My last budgie was semi tame. I could get her to step up but she would never hang out with me and if anyone else walked in my room she would freak out.


----------



## ChickWas (May 6, 2021)

It's best not to move them for their first couple of weeks, to let them fully settle in and become comfortable with the environment. I moved out two weeks ago and originally I wanted the birds in their own bird room, but I spend most of my time in the living room, so I've kept them out here with me. Now that they've warmed up to the apartment, I'll start moving them to their bird room until they get used to it.

So for your new bird, I'd suggest leaving him in the living room so he's used to all the sights and sounds, and covering him at night for his bedtime. After he's settled in, you can start making it his routine to have him in your bedroom with you after work, and in the living room during the day. At first, he'll be scared, but he'll quickly adapt as it becomes his regular routine.


----------



## FeatheredFriends90 (8 mo ago)

ChickWas said:


> It's best not to move them for their first couple of weeks, to let them fully settle in and become comfortable with the environment. I moved out two weeks ago and originally I wanted the birds in their own bird room, but I spend most of my time in the living room, so I've kept them out here with me. Now that they've warmed up to the apartment, I'll start moving them to their bird room until they get used to it.
> 
> So for your new bird, I'd suggest leaving him in the living room so he's used to all the sights and sounds, and covering him at night for his bedtime. After he's settled in, you can start making it his routine to have him in your bedroom with you after work, and in the living room during the day. At first, he'll be scared, but he'll quickly adapt as it becomes his regular routine.


I'm just worried he will end up more bonded to my parents if I keep him in the living room during the day as like I said when I'm not at work I'm in my bedroom. It's also harder to let him out as the backdoor has to be open for our dogs.

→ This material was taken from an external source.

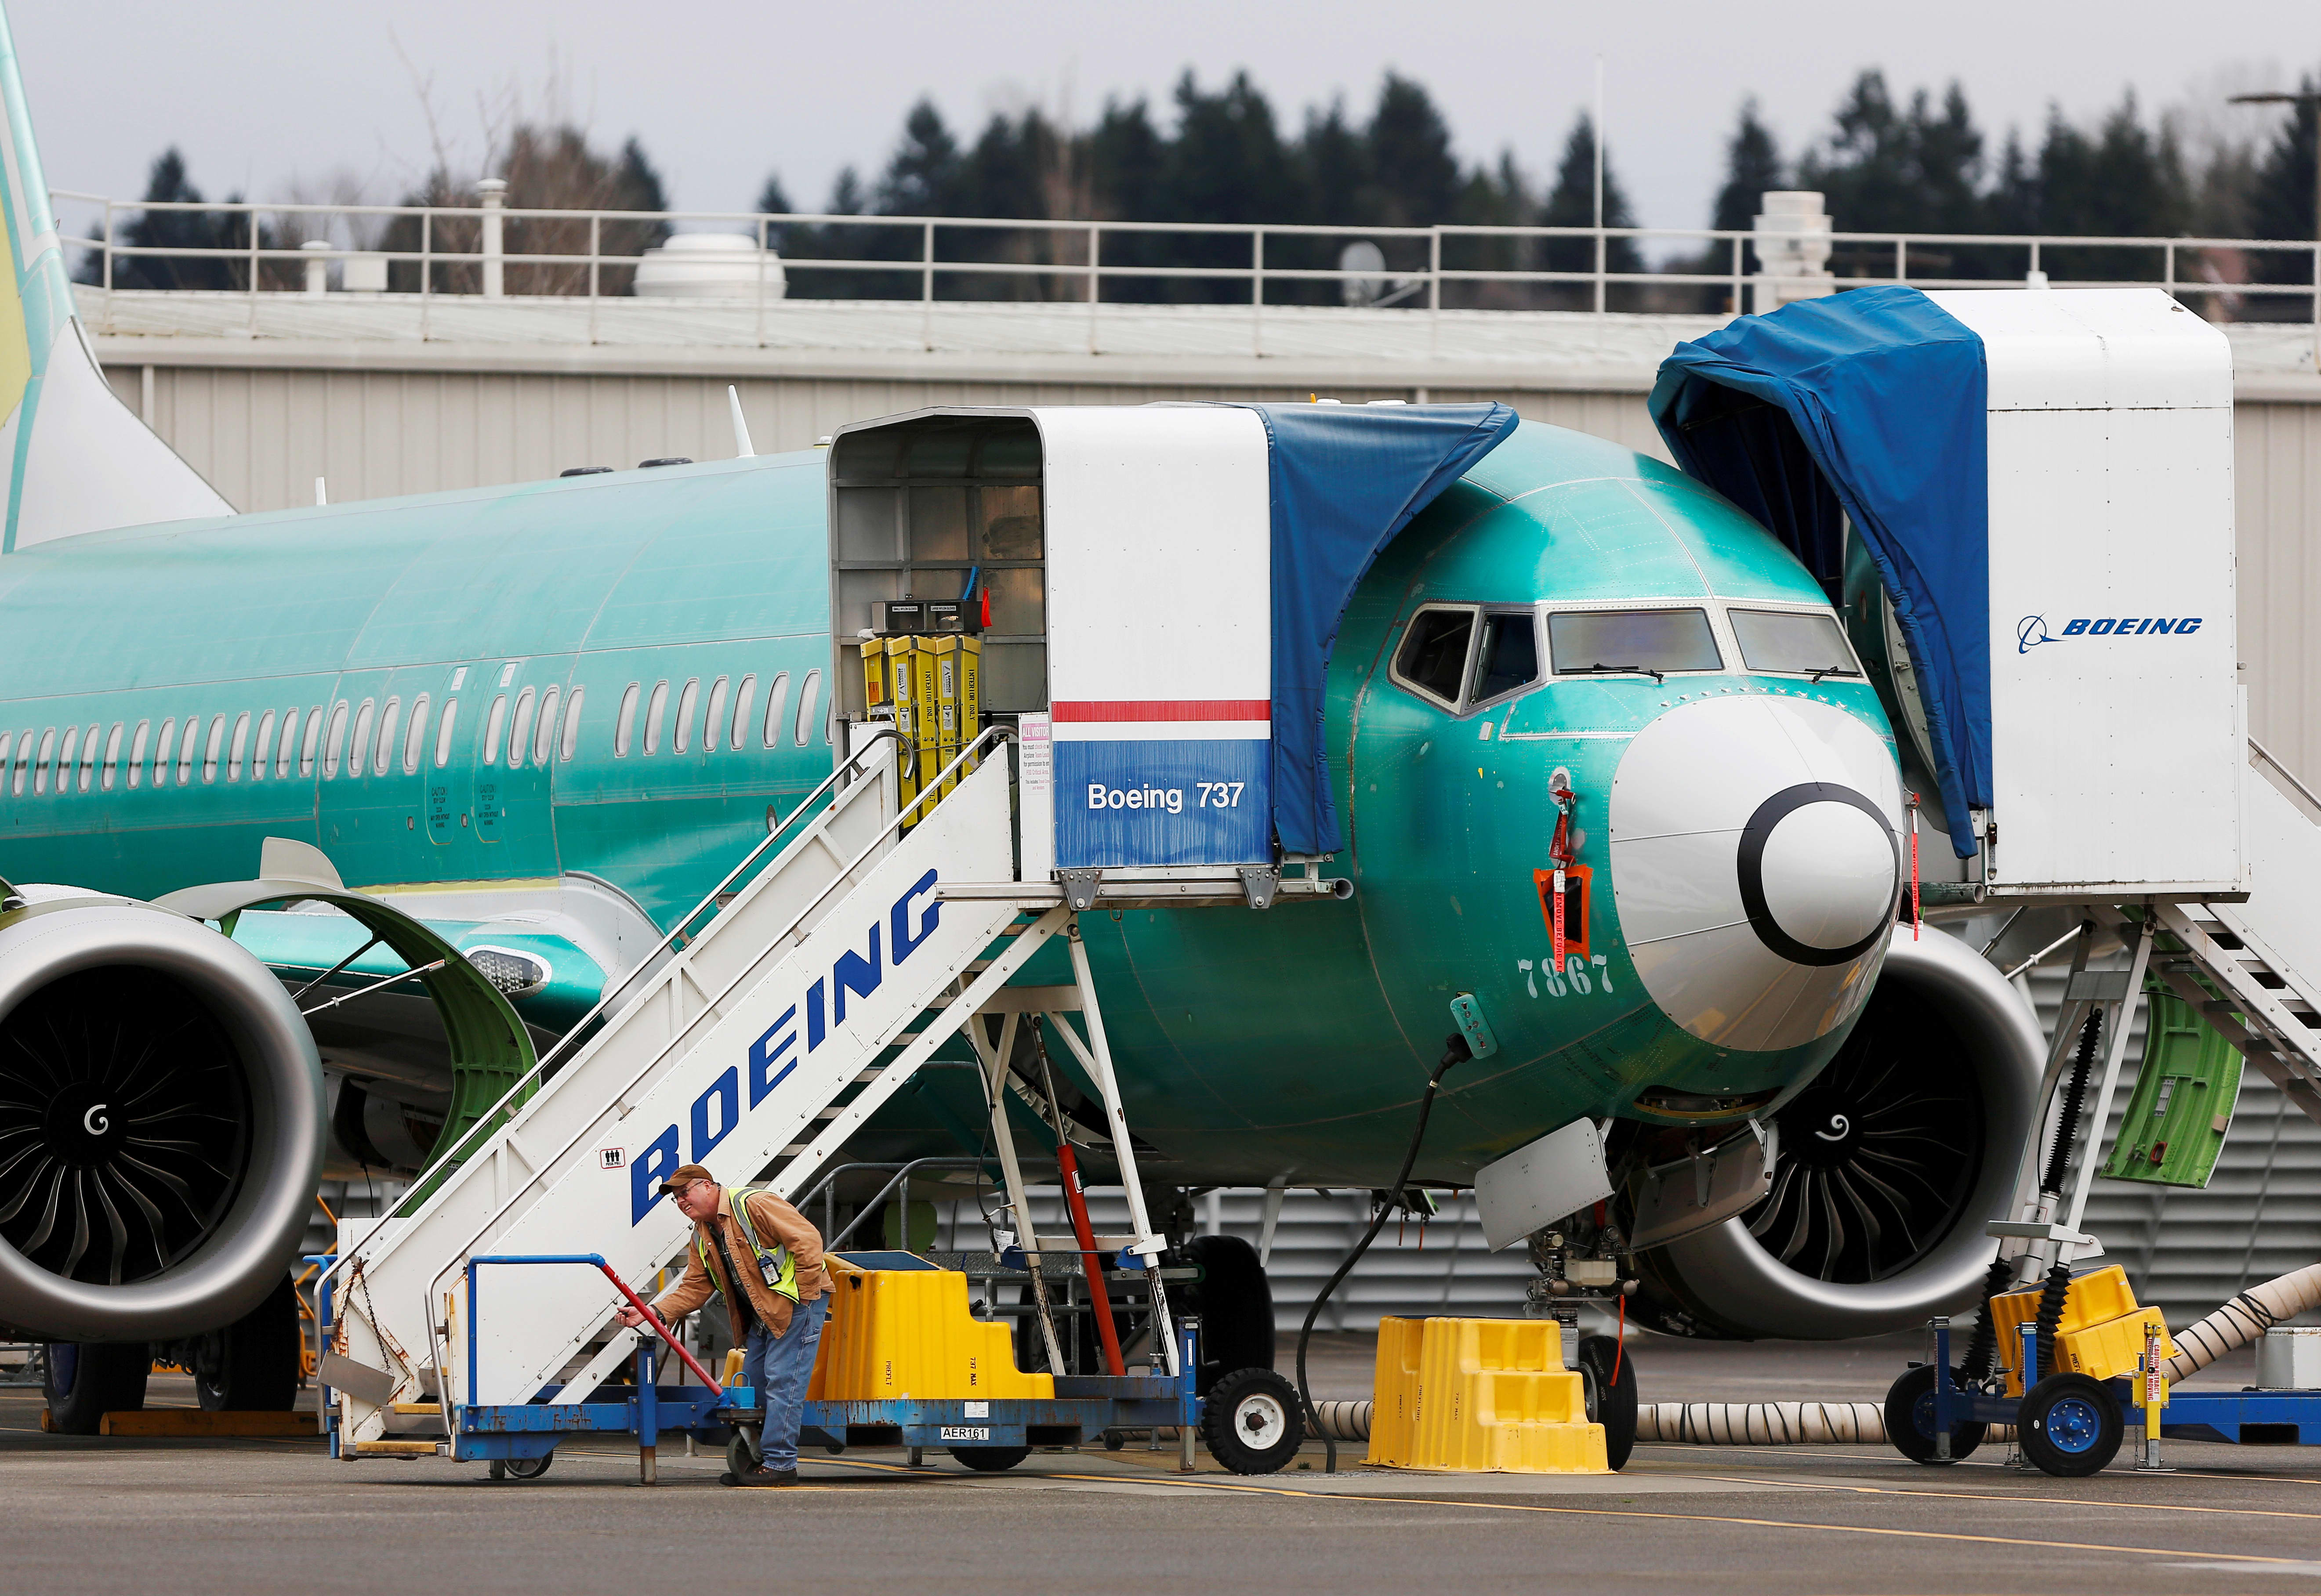 Boeing to pay more than $2.5 billion to settle criminal conspiracy charge over 737 Max

And say I decided to keep him in my bedroom for a few weeks then start moving him to the living room he may be on his own for upto 8 hours a day


----------



## ChickWas (May 6, 2021)

I'm gonna be honest with you, I don't understand people who put something like bonding above the welfare of the animal. The bird being in the living room means he's not subjected to quiet boredom for 8 hours of the day, 5 days a week. Chances are, if he becomes "bonded" to your parents, he'll be bonded to all of you. The familiarity and comfort he feels with them will pass over to you. Even if it didn't, for me personally, it's a no brainer to put the bird somewhere he'll experience entertainment and companionship. The plus side is, him being exposed to your parents during the days will make him become used to humans in general, which will make earning his trust easier.

Though that being said, a spanner was thrown in the works when you mentioned dogs. You need to make 200% sure that wherever the bird cage is, is absolutely impossible for the dogs to jump up and reach. Even if you're certain it's impossible for the dogs to get to him, you need to triple check. Too many posts on this forums about birds being bitten or killed by pets.

The door being open for the dogs isn't a big deal (in terms of it's a small change you can make when budgie is having out of cage time). We never let our dogs free roam in and out of the garden, we'd let them out during specific times of the day, but I suppose if it's what you and your family are used to. I don't know how willing your parents would be to upend their routine and only open the door when the dogs are allowed to go out and the bird is in the cage. Either way, there'll be zero out of cage time for the first few weeks as he acclimates, so it's not an issue at the moment. As time goes on, I'm sure you and your parents will figure out a routine, when you let him out, you can put the dogs in another room or close them out in the garden to let the bird be safe to roam.


----------



## FeatheredFriends90 (8 mo ago)

ChickWas said:


> I'm gonna be honest with you, I don't understand people who put something like bonding above the welfare of the animal. The bird being in the living room means he's not subjected to quiet boredom for 8 hours of the day, 5 days a week. Chances are, if he becomes "bonded" to your parents, he'll be bonded to all of you. The familiarity and comfort he feels with them will pass over to you. Even if it didn't, for me personally, it's a no brainer to put the bird somewhere he'll experience entertainment and companionship. The plus side is, him being exposed to your parents during the days will make him become used to humans in general, which will make earning his trust easier.
> 
> Though that being said, a spanner was thrown in the works when you mentioned dogs. You need to make 200% sure that wherever the bird cage is, is absolutely impossible for the dogs to jump up and reach. Even if you're certain it's impossible for the dogs to get to him, you need to triple check. Too many posts on this forums about birds being bitten or killed by pets.
> 
> The door being open for the dogs isn't a big deal (in terms of it's a small change you can make when budgie is having out of cage time). We never let our dogs free roam in and out of the garden, we'd let them out during specific times of the day, but I suppose if it's what you and your family are used to. I don't know how willing your parents would be to upend their routine and only open the door when the dogs are allowed to go out and the bird is in the cage. Either way, there'll be zero out of cage time for the first few weeks as he acclimates, so it's not an issue at the moment. As time goes on, I'm sure you and your parents will figure out a routine, when you let him out, you can put the dogs in another room or close them out in the garden to let the bird be safe to roam.


I dont think our youngest dog would stay in the same room as she is terrified if birds


----------